When you write out the listing below, keep each word exactly as it stands and drop the pictures.

**Collected material:**
%%
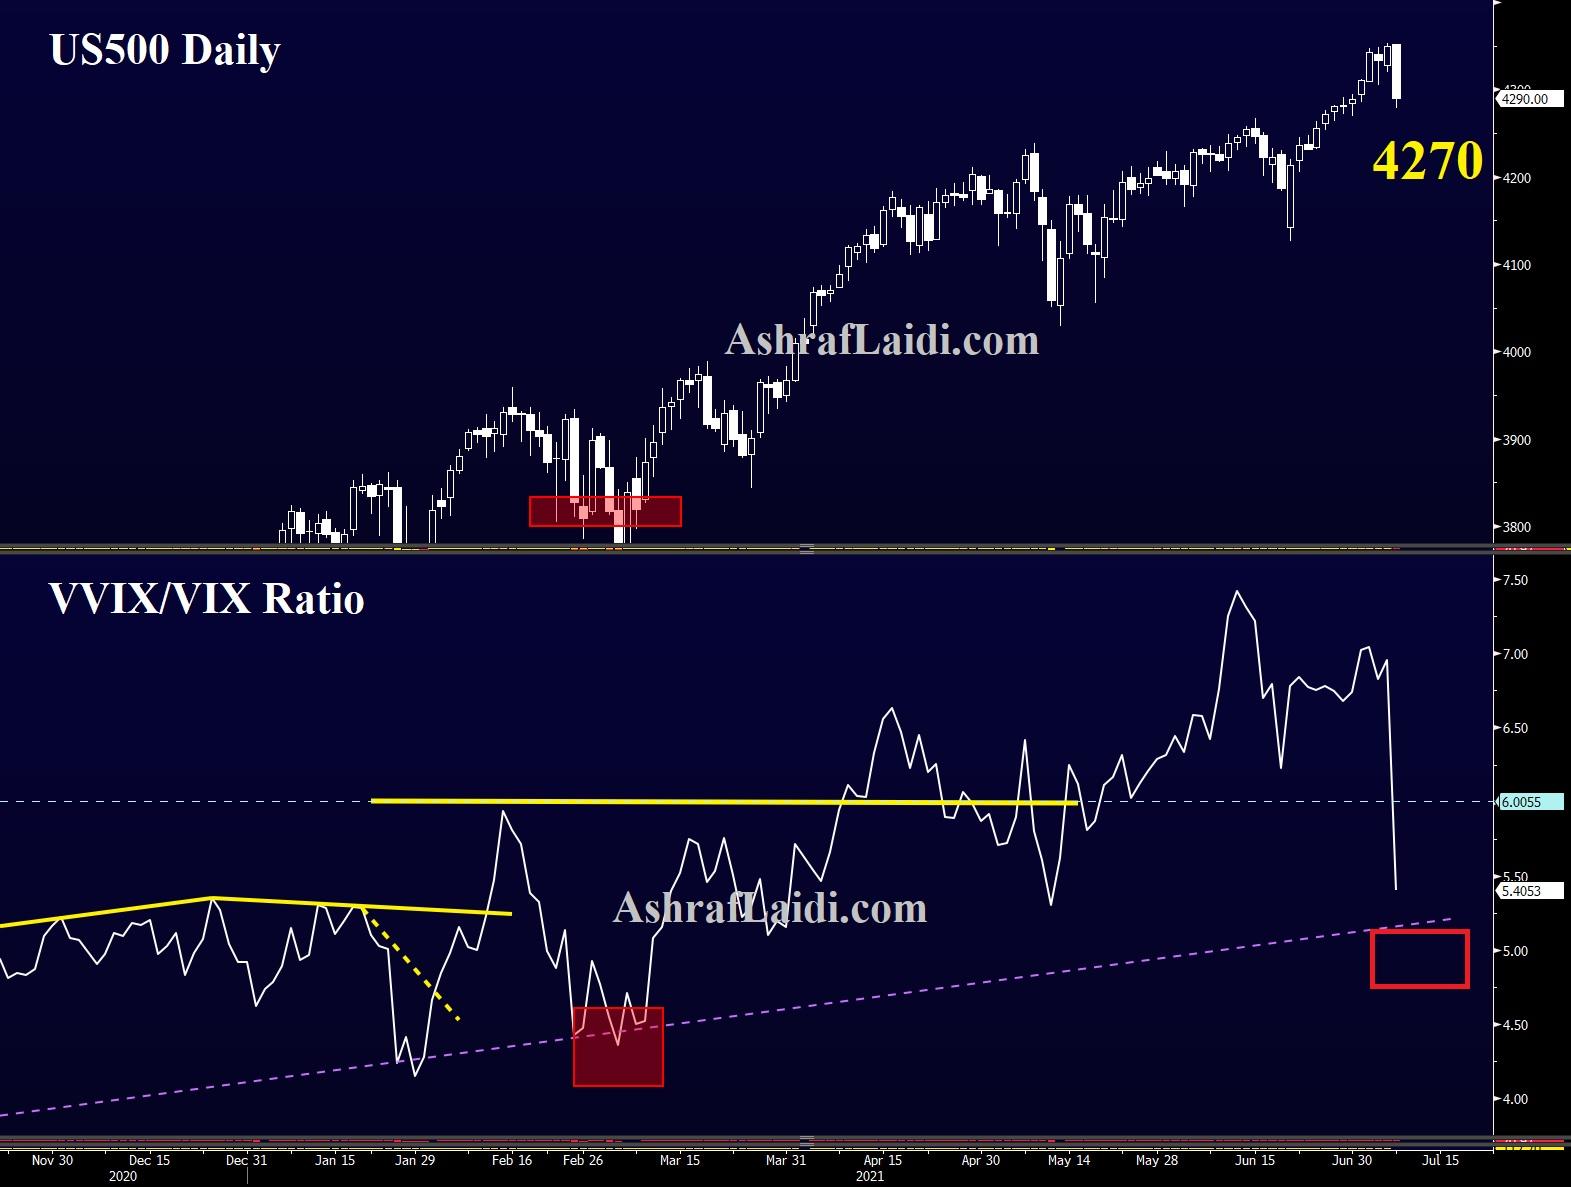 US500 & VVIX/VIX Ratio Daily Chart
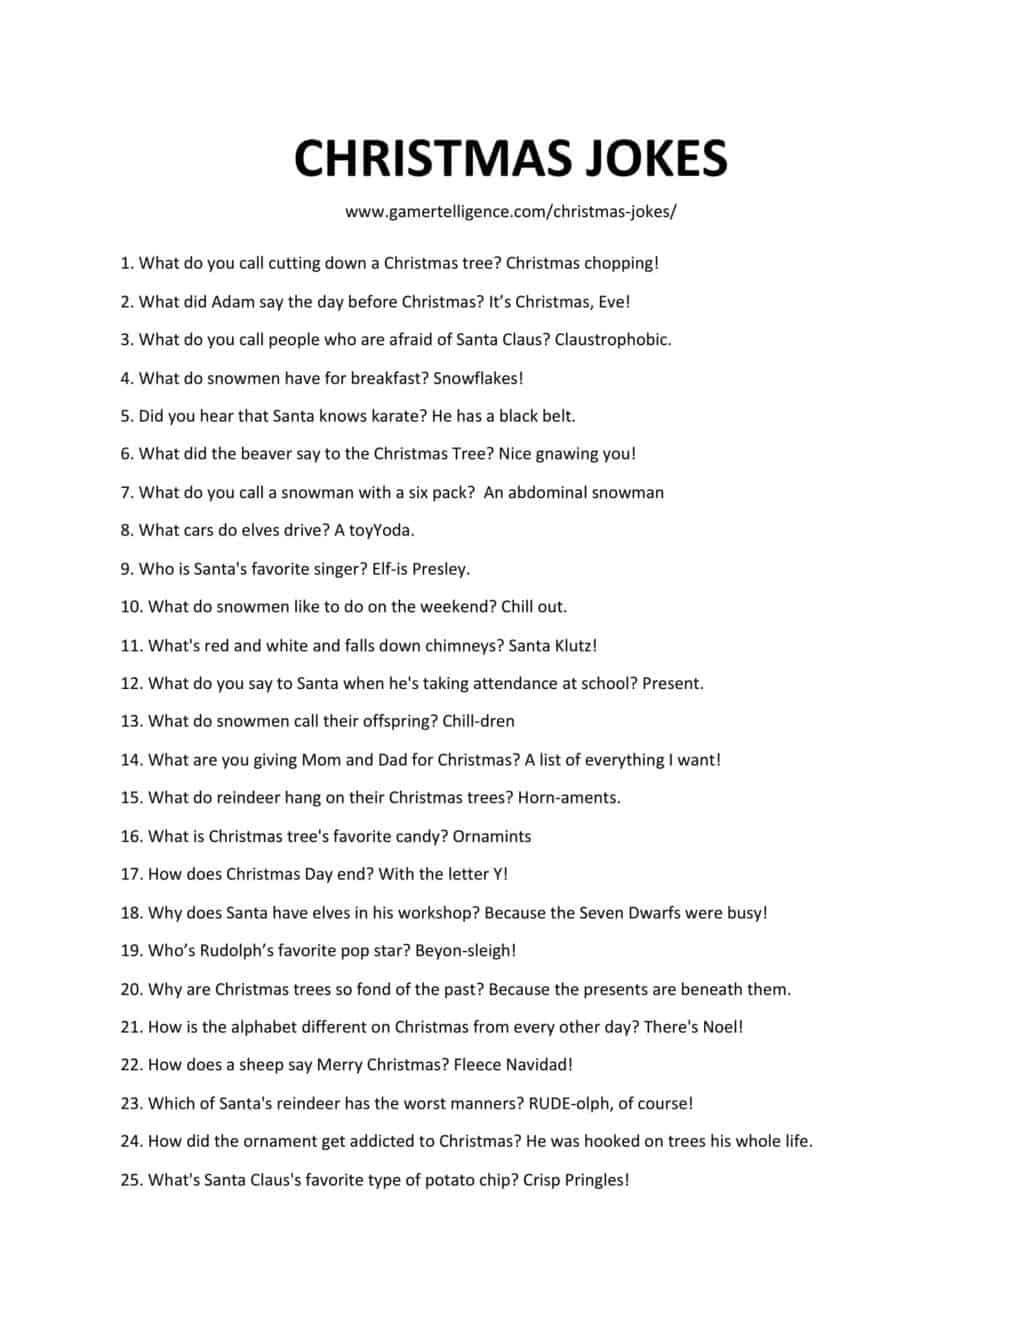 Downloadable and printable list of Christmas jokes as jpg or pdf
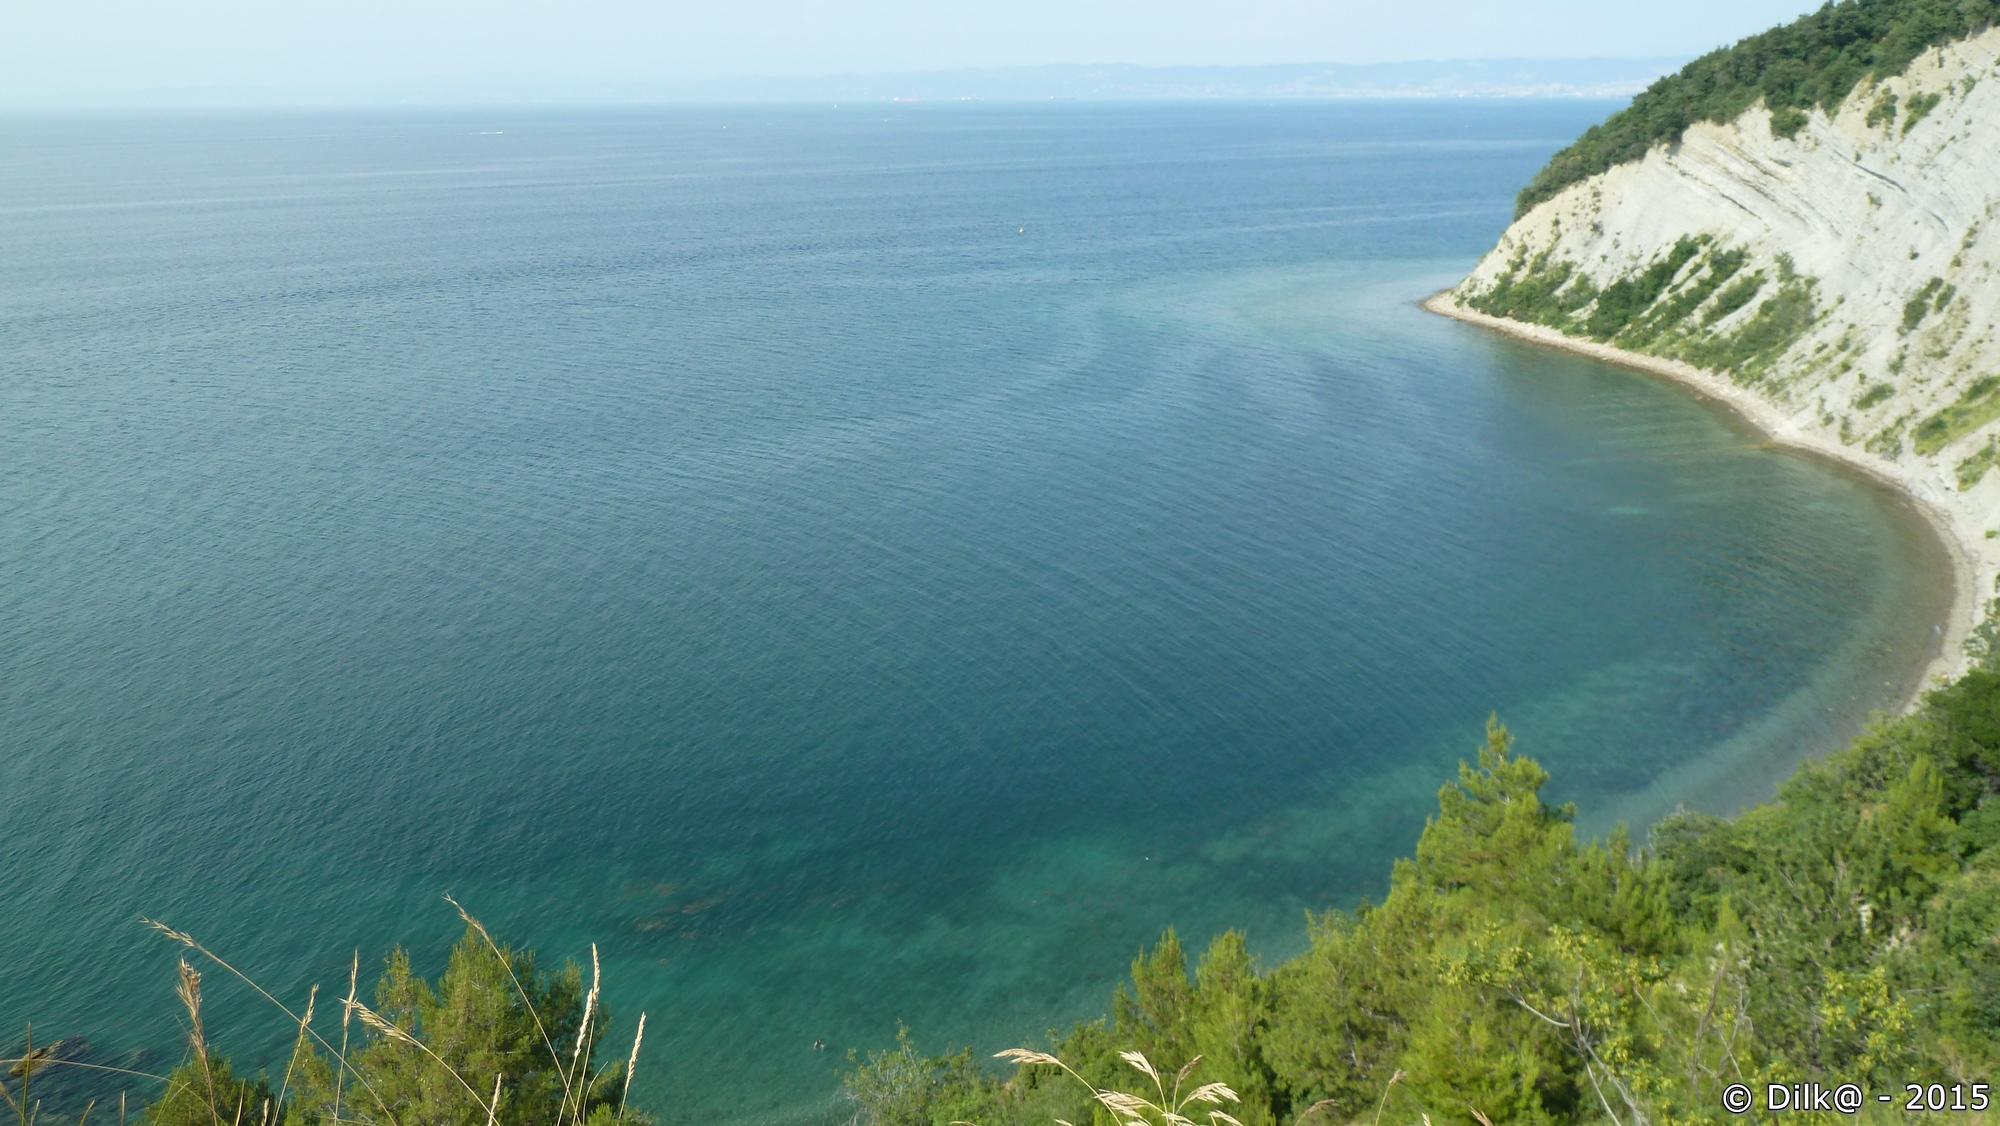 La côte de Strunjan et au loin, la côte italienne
%%
**Response box:**
 US500 & VVIX/VIX Ratio Daily Chart
 Downloadable and printable list of Christmas jokes as jpg or pdf
 La côte de Strunjan et au loin, la côte italienne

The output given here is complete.